### How to complete this task
Find the line with "Russia Leningrad Region" in the data below. Repeat it and every line after it up to the end, exactly, but drop the pictures.

### Stored data
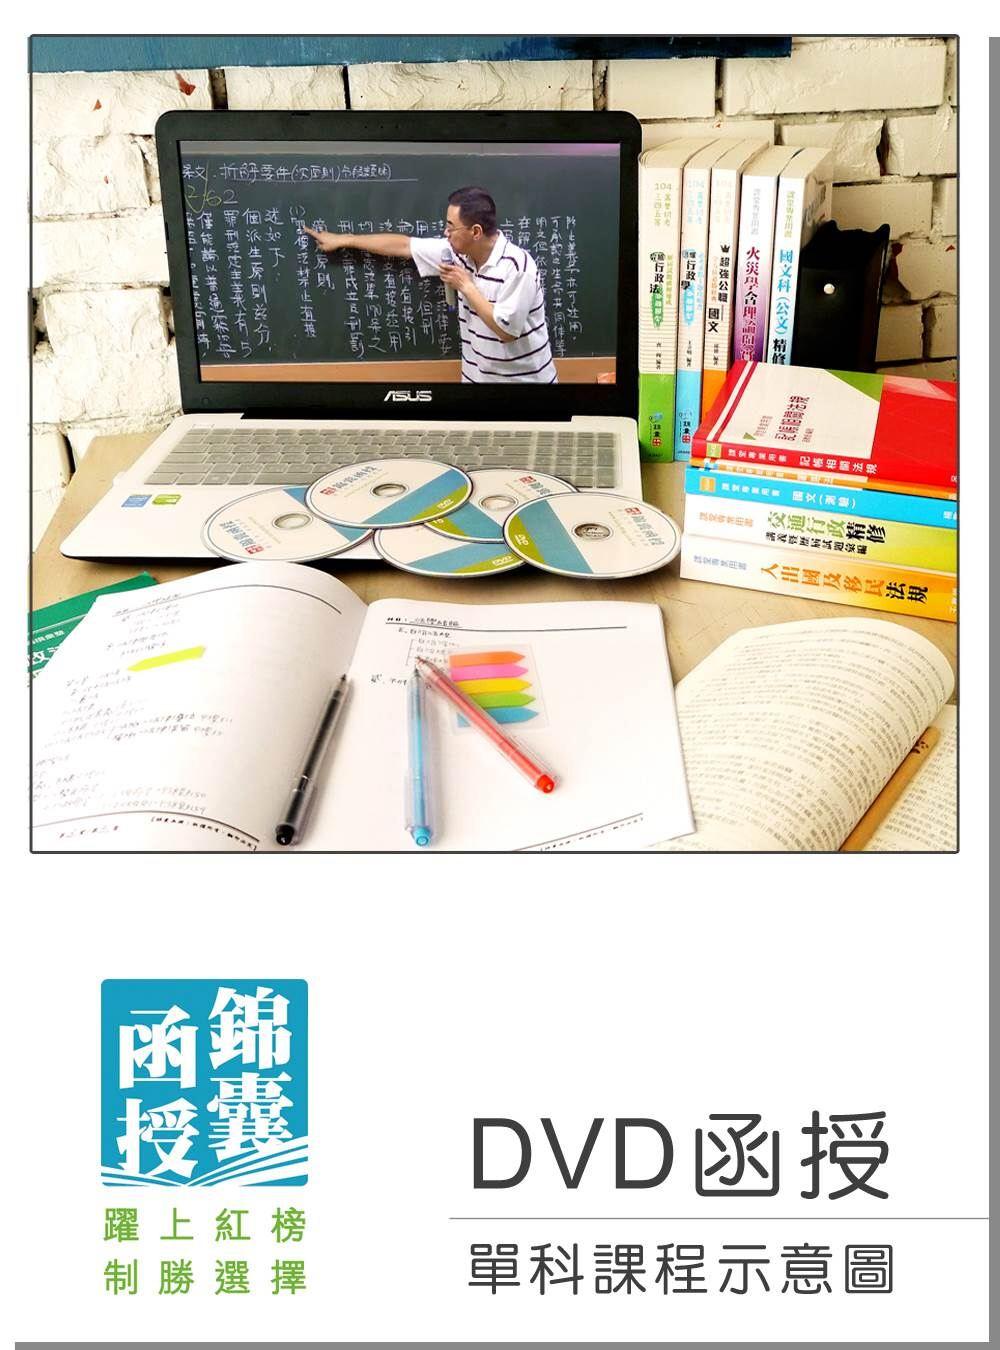 【DVD函授】中外歷史:單科課程(106版)
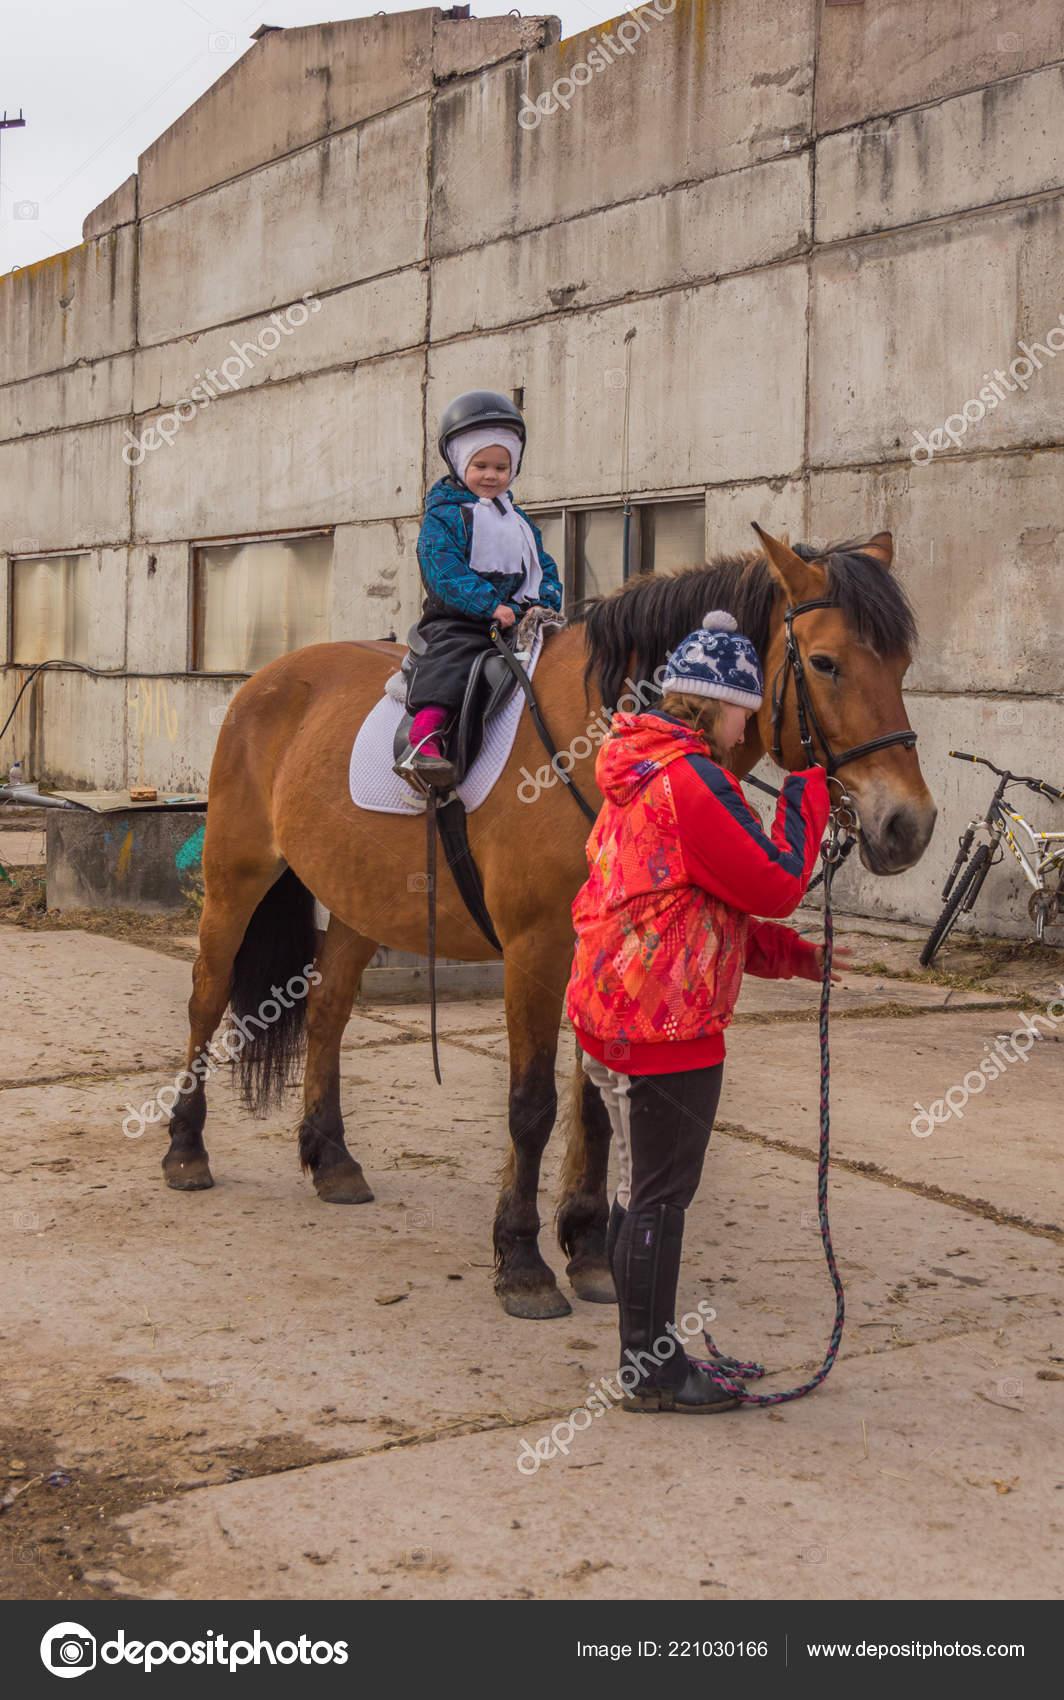 Russia Leningrad Region Nikolskoye March 2017 Stable Horse Riding Girls Stock Editorial Photo C P Kdmitry 221030166
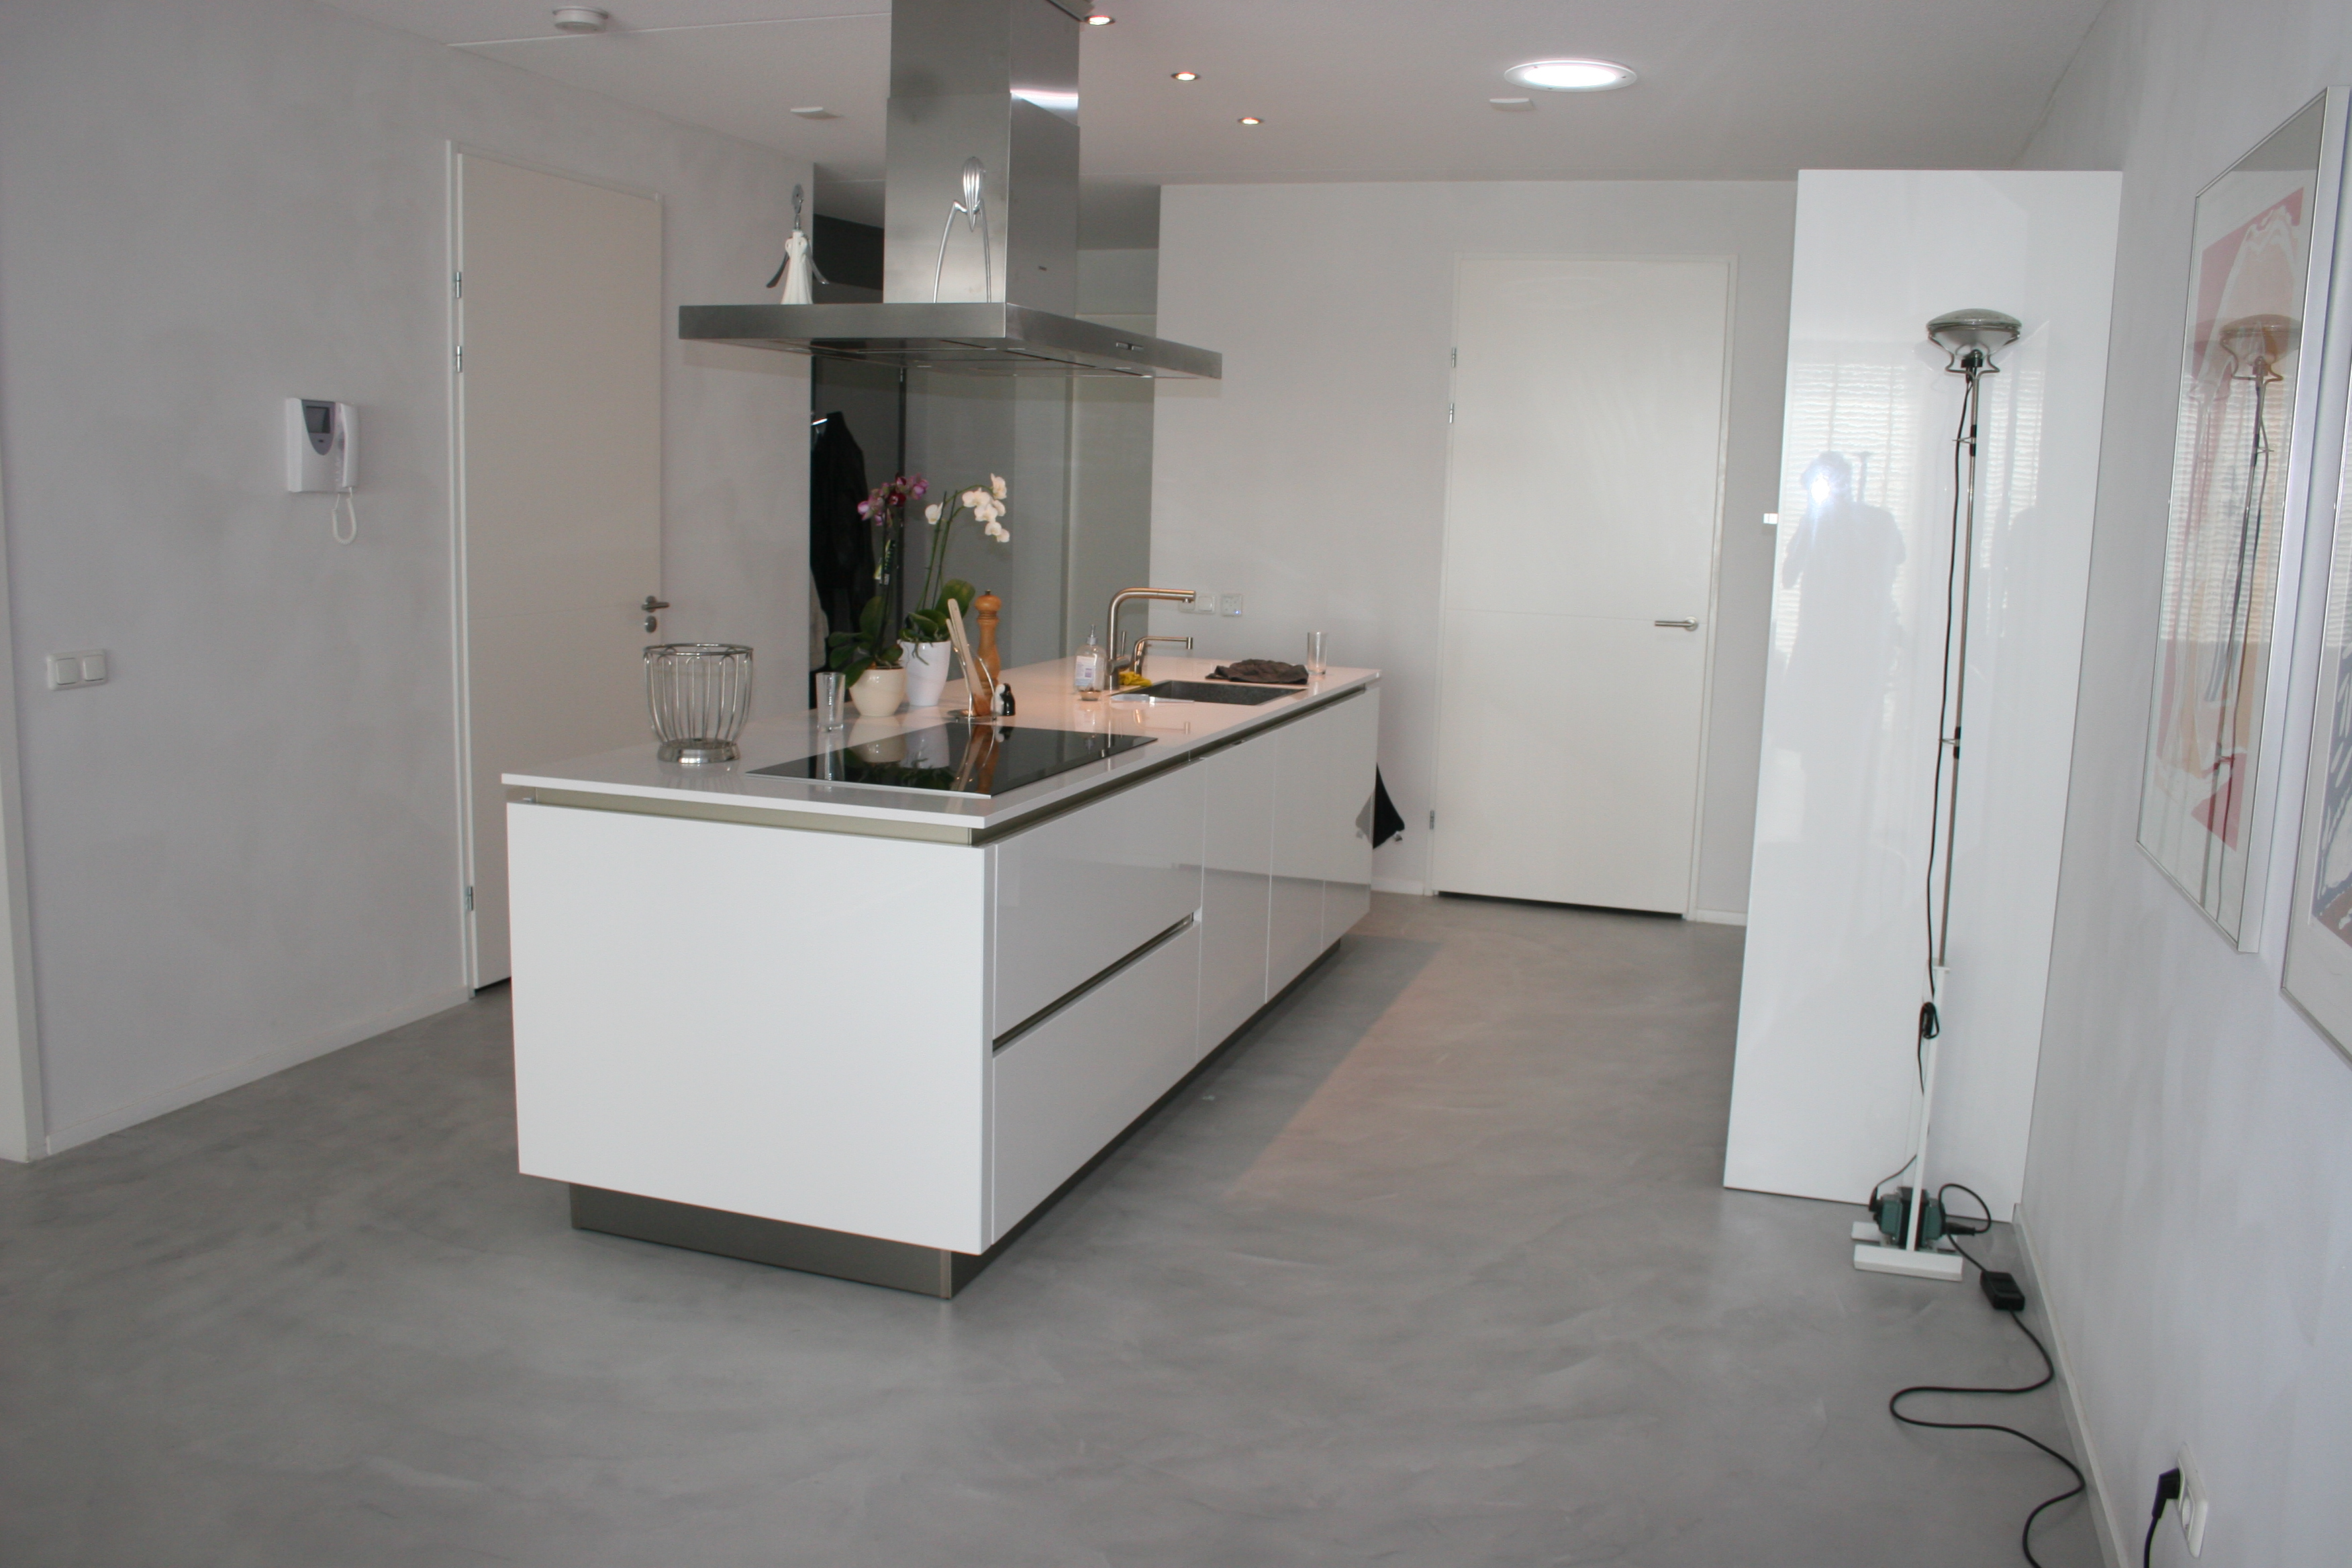 Beton Cire Keuken : File beton ciré floor g wikimedia commons

### Exercise answer
 Russia Leningrad Region Nikolskoye March 2017 Stable Horse Riding Girls Stock Editorial Photo C P Kdmitry 221030166
 Beton Cire Keuken : File beton ciré floor g wikimedia commons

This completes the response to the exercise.